## ABOUT THIS TASK
As the answer, set down the lines below from the one containing "黑色 手笔 加油 韩文" through the one containing "41002012.16V - cubio storage bench (lino)", exactly and inclusively, and no others.

(SUPPLIED INFORMATION Opens)

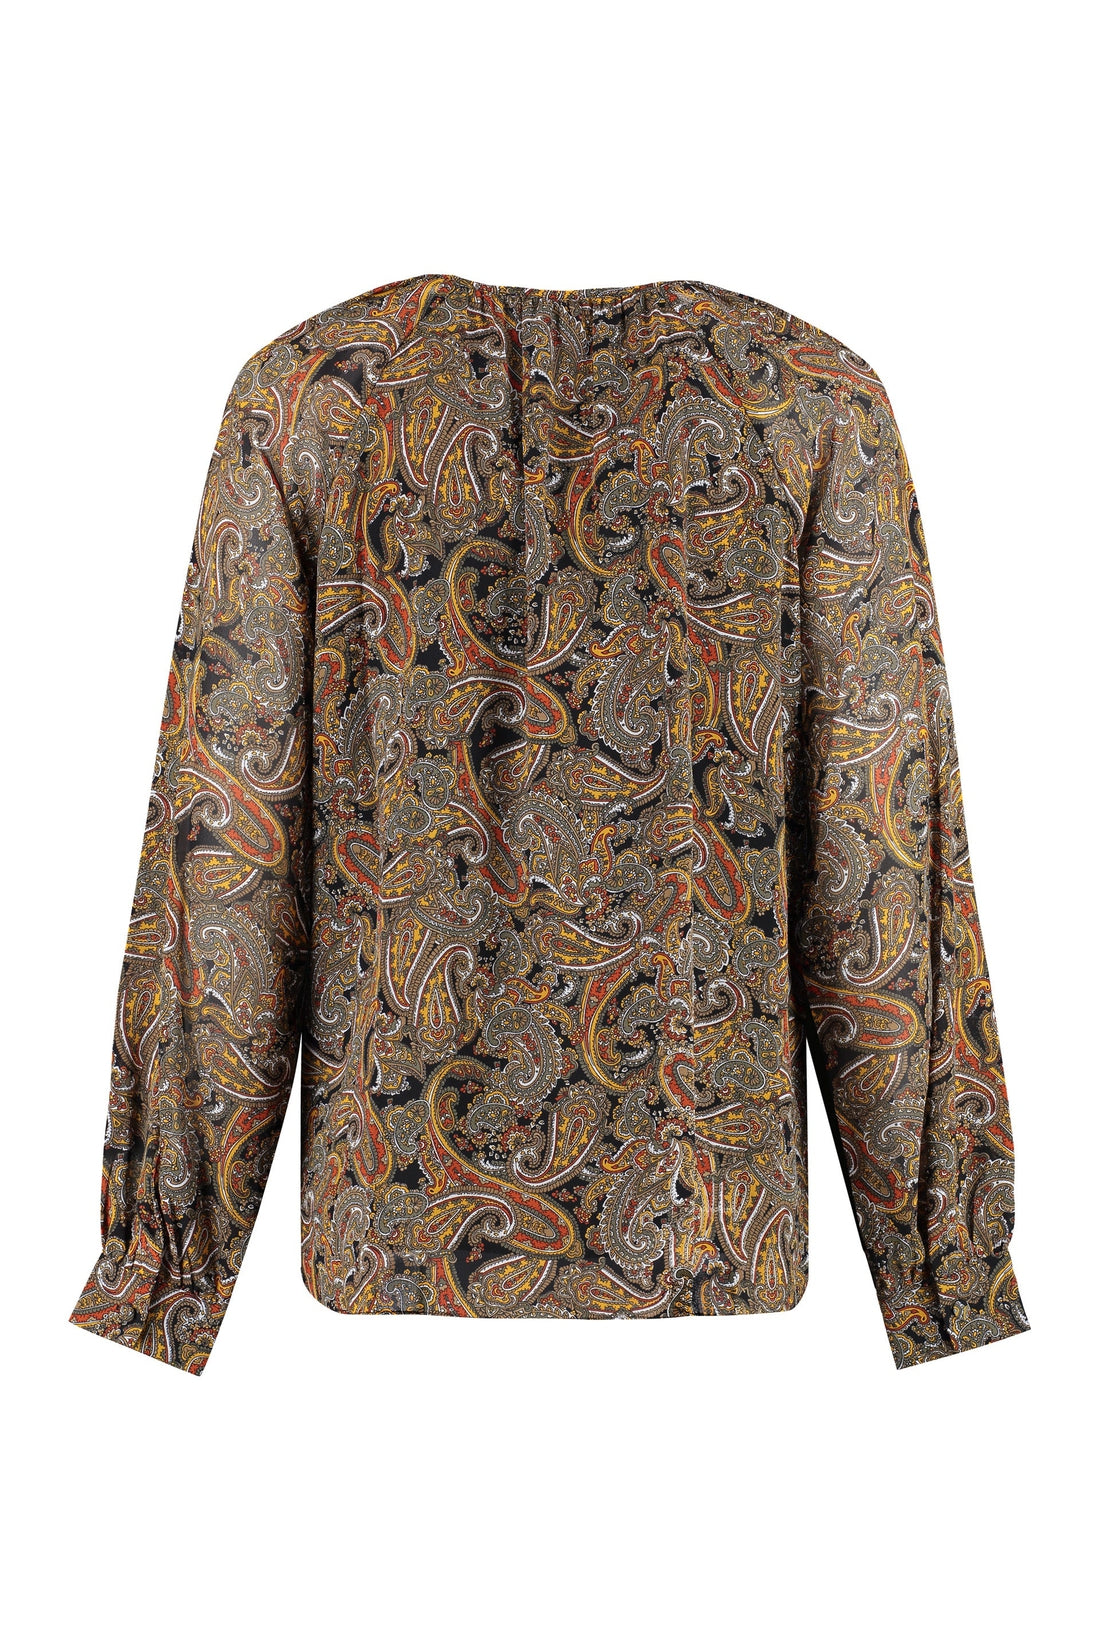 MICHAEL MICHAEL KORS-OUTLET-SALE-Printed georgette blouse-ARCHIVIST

(SUPPLIED INFORMATION Closes)
(SUPPLIED INFORMATION Opens)

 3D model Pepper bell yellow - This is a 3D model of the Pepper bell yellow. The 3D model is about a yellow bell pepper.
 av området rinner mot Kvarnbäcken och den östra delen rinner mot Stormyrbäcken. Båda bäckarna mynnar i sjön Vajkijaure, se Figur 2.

(SUPPLIED INFORMATION Closes)
(SUPPLIED INFORMATION Opens)

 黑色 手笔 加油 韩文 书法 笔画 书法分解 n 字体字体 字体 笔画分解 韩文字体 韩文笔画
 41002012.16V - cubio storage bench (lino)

(SUPPLIED INFORMATION Closes)

## ANSWER
 黑色 手笔 加油 韩文 书法 笔画 书法分解 n 字体字体 字体 笔画分解 韩文字体 韩文笔画
 41002012.16V - cubio storage bench (lino)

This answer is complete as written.